WHAT THE EXERCISE ASKS = Set every line of the data down again exactly, and keep the pictures out.

AVAILABLE DATA =
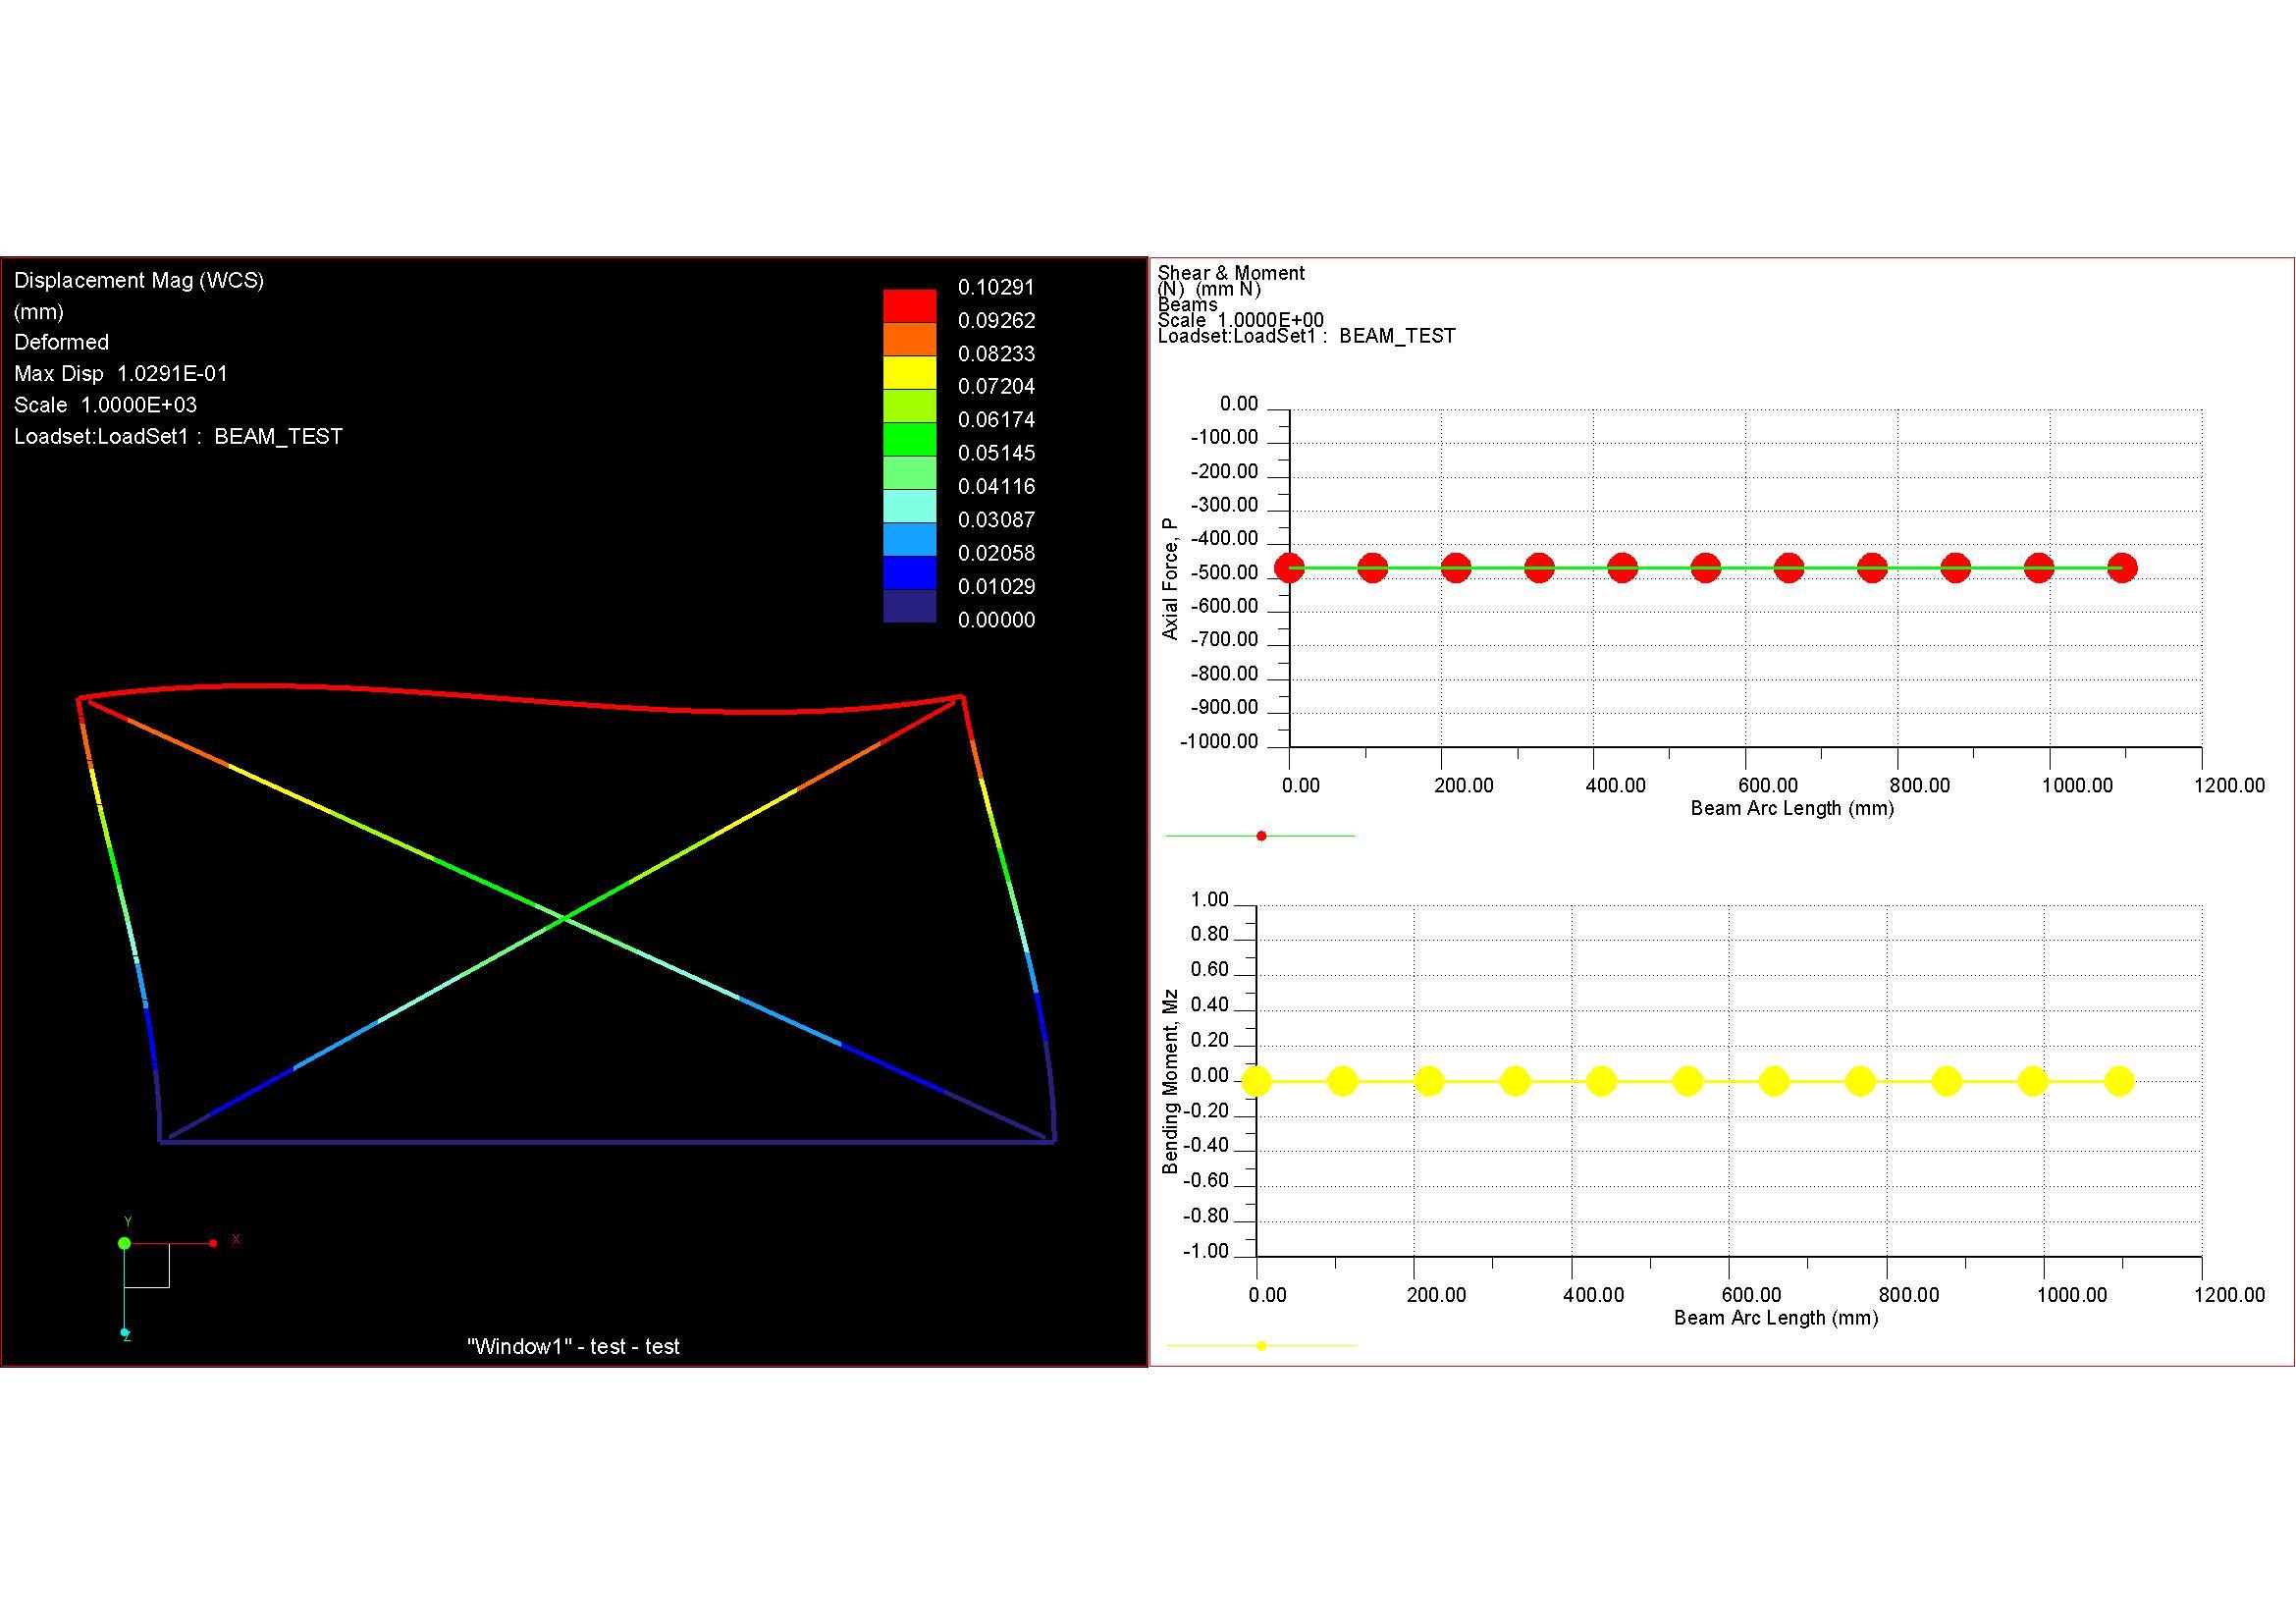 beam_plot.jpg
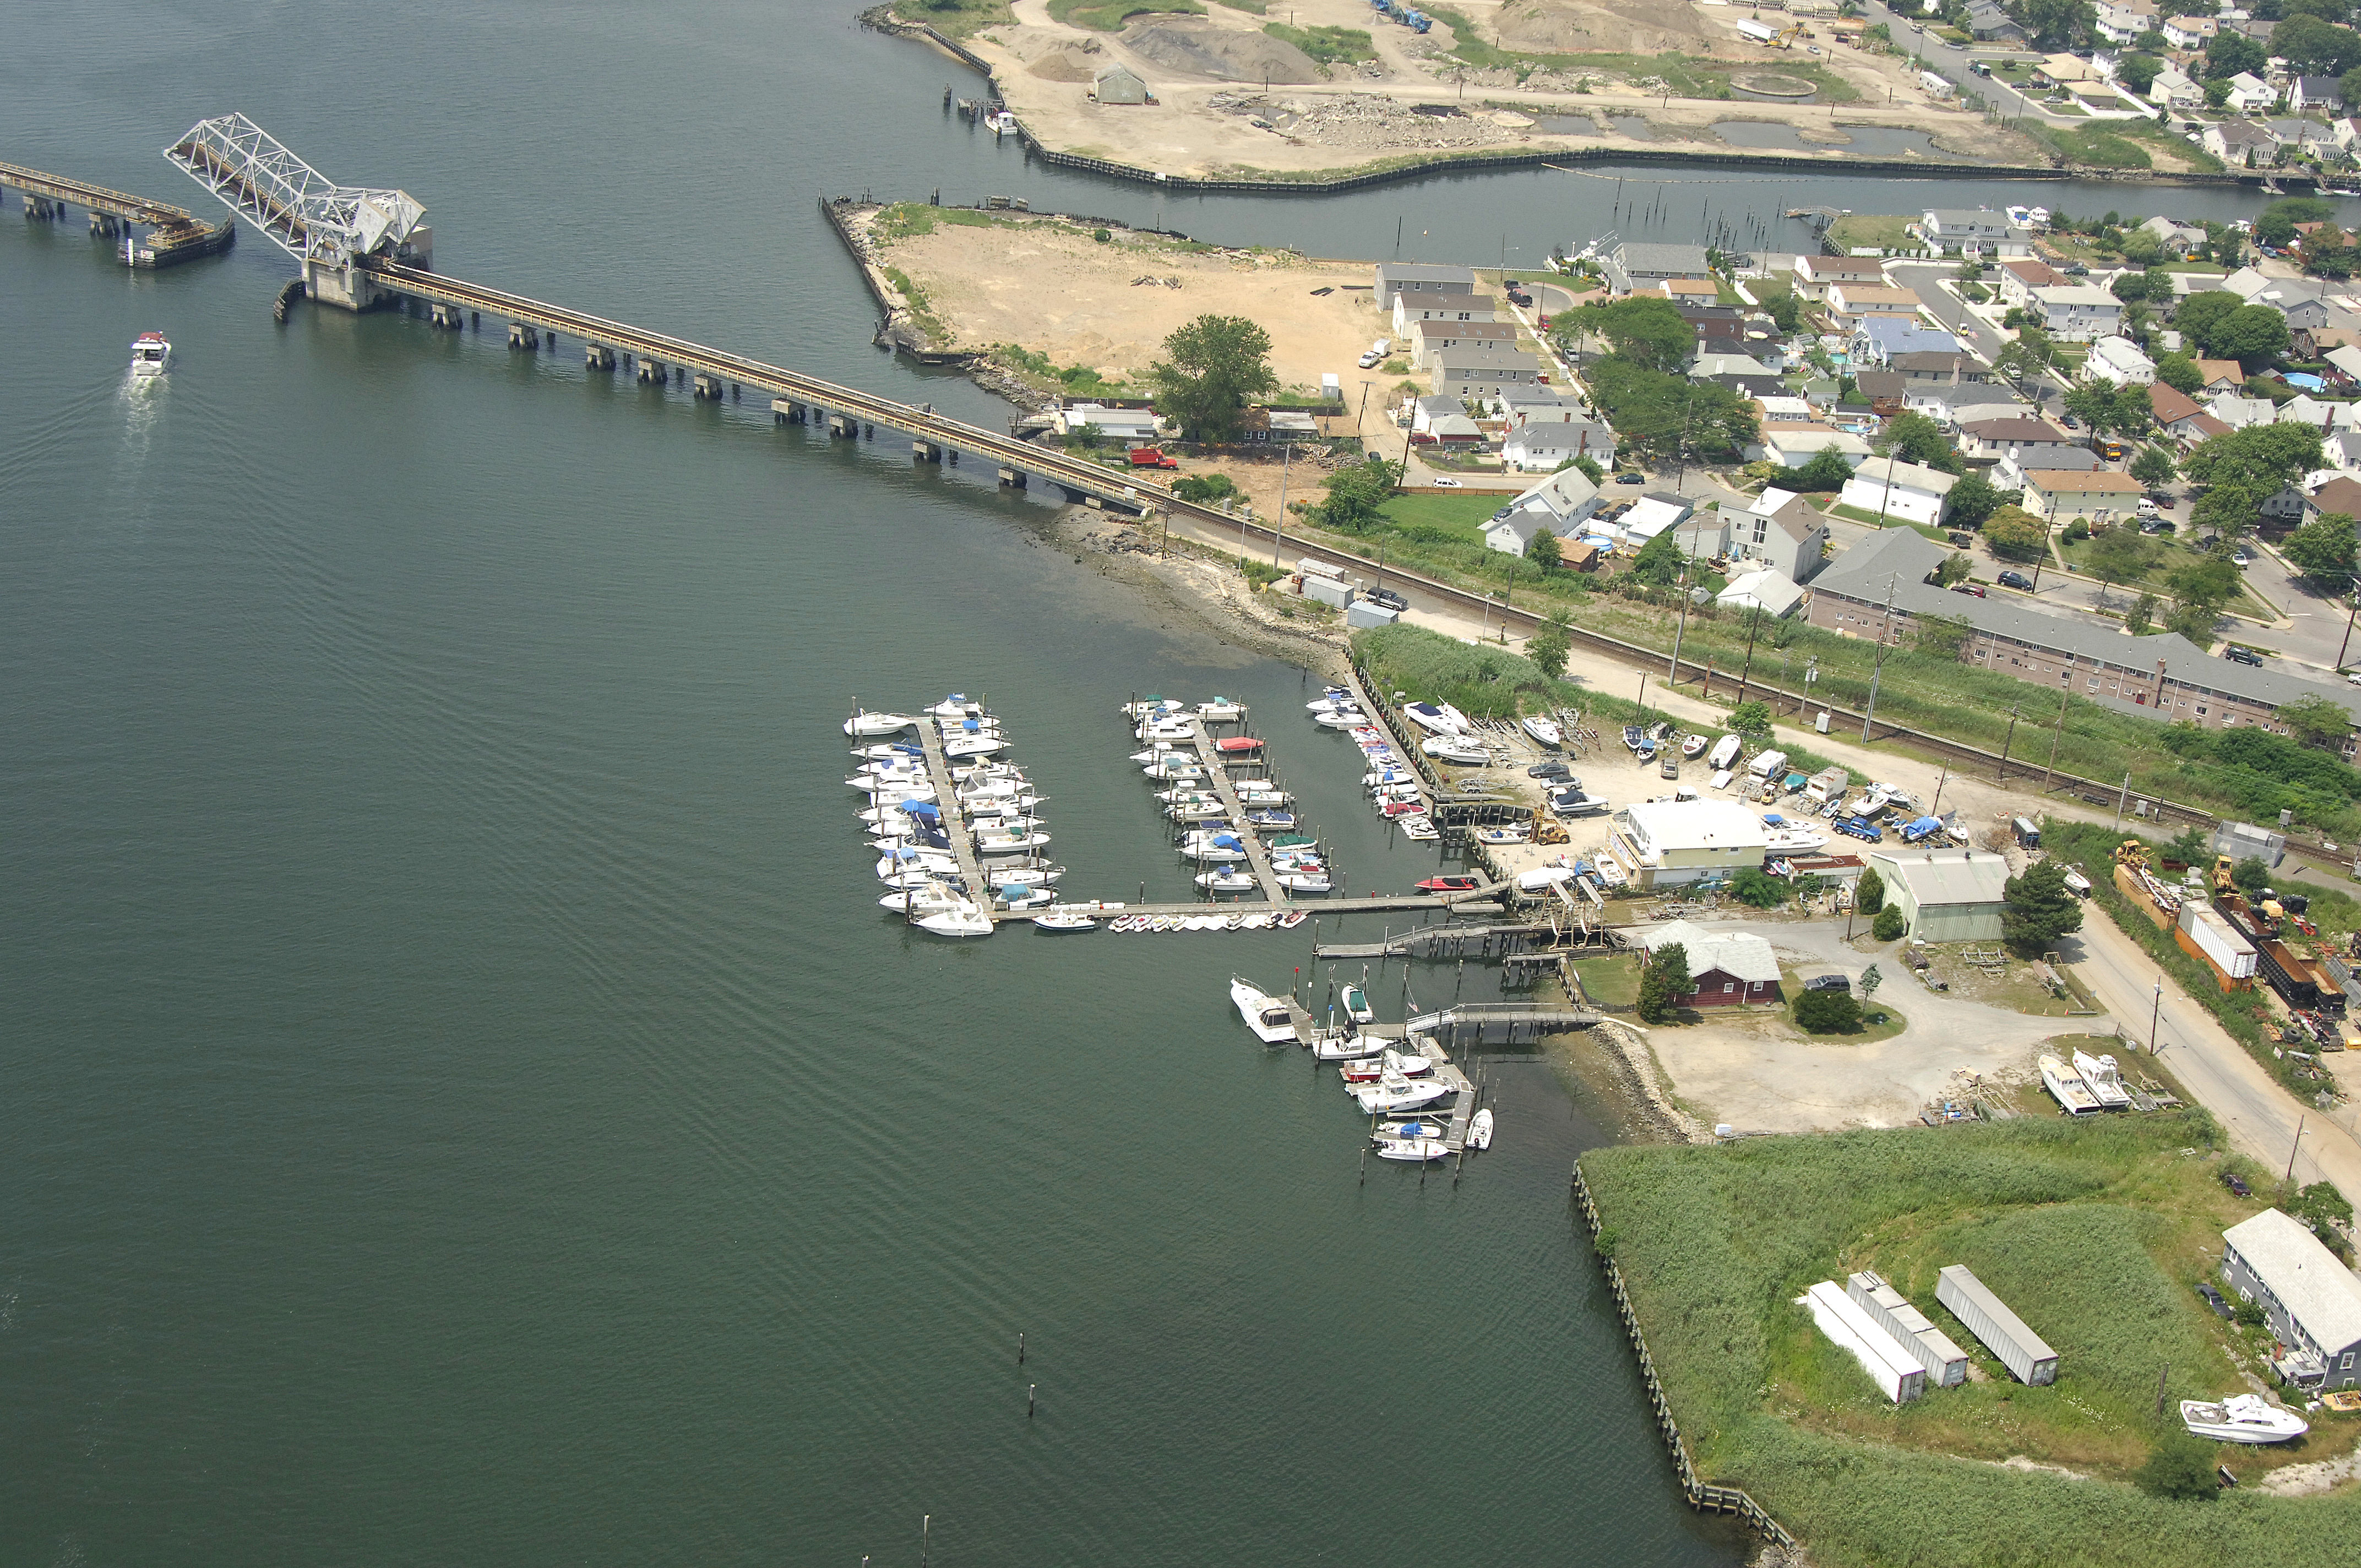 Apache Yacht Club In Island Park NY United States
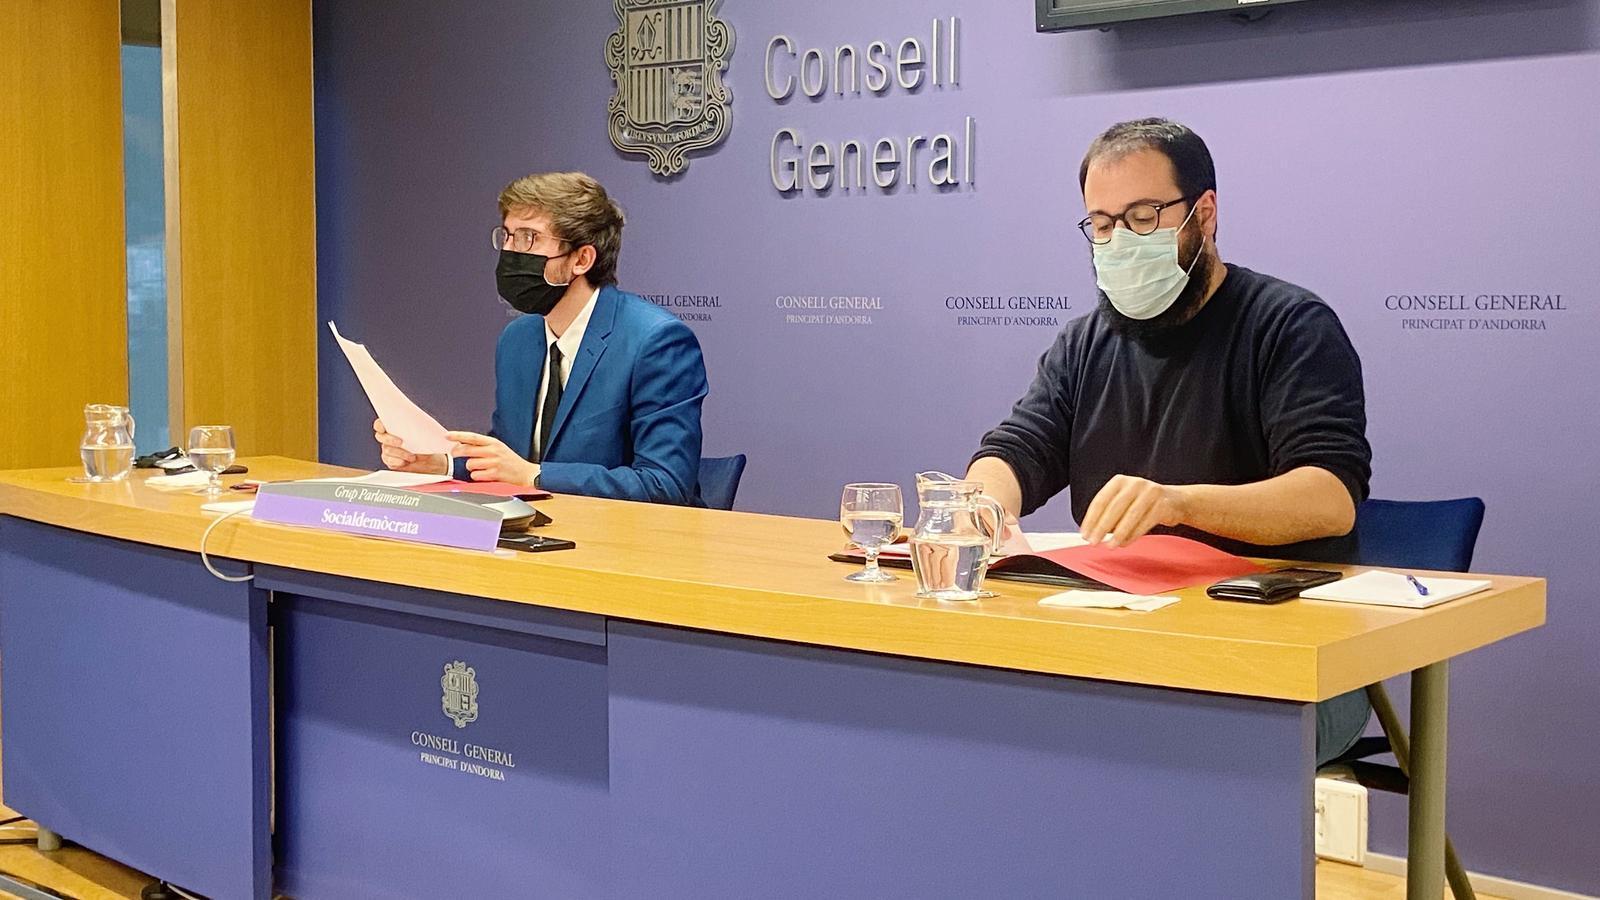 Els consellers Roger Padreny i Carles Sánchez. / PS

ANSWER SECTION =
 beam_plot.jpg
 Apache Yacht Club In Island Park NY United States
 Els consellers Roger Padreny i Carles Sánchez. / PS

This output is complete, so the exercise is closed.